**WHAT IS BEING ASKED**: Reproduce exactly, from the data that follows, the line with "Capodimonte, Italy, boys", the line with "Raymonde April (1953)", and every line that lies between them.

== DATASET ENTRIES ==

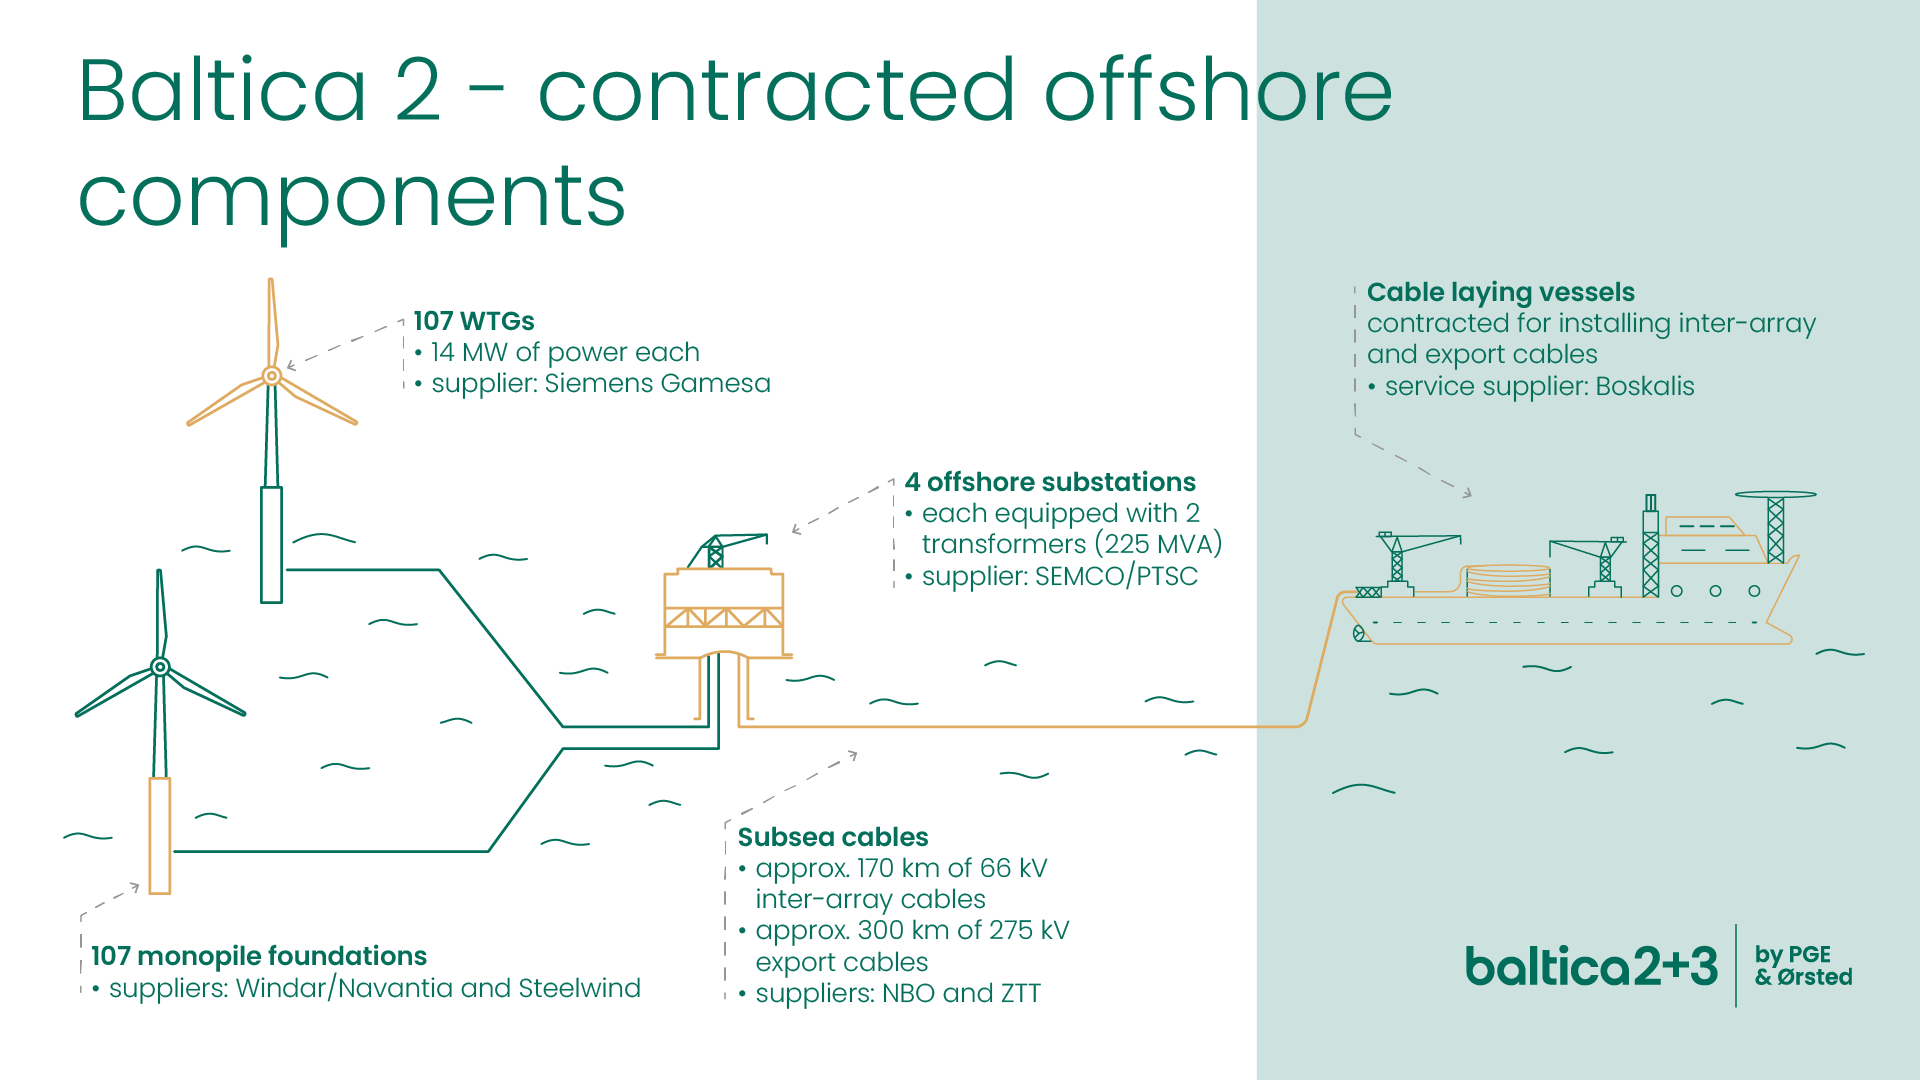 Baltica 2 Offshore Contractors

===
== DATASET ENTRIES ==

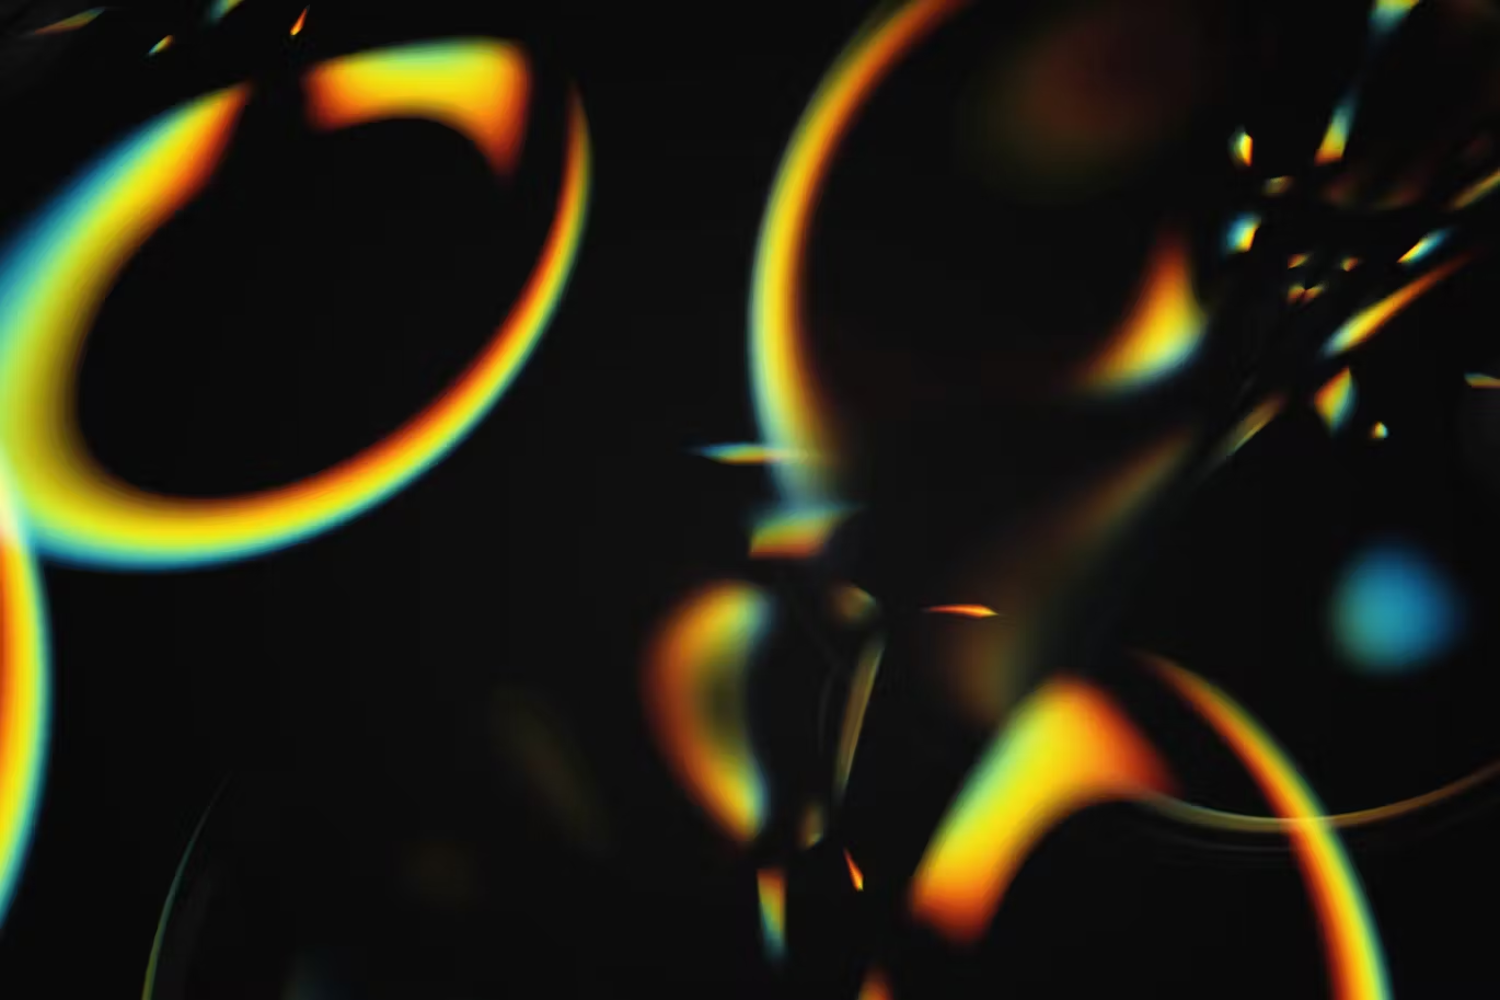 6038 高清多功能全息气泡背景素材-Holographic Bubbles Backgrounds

===
== DATASET ENTRIES ==

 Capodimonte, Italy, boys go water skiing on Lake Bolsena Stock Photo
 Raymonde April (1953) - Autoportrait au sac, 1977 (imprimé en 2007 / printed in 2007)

===

**EXPECTED ANSWER**:
 Capodimonte, Italy, boys go water skiing on Lake Bolsena Stock Photo
 Raymonde April (1953) - Autoportrait au sac, 1977 (imprimé en 2007 / printed in 2007)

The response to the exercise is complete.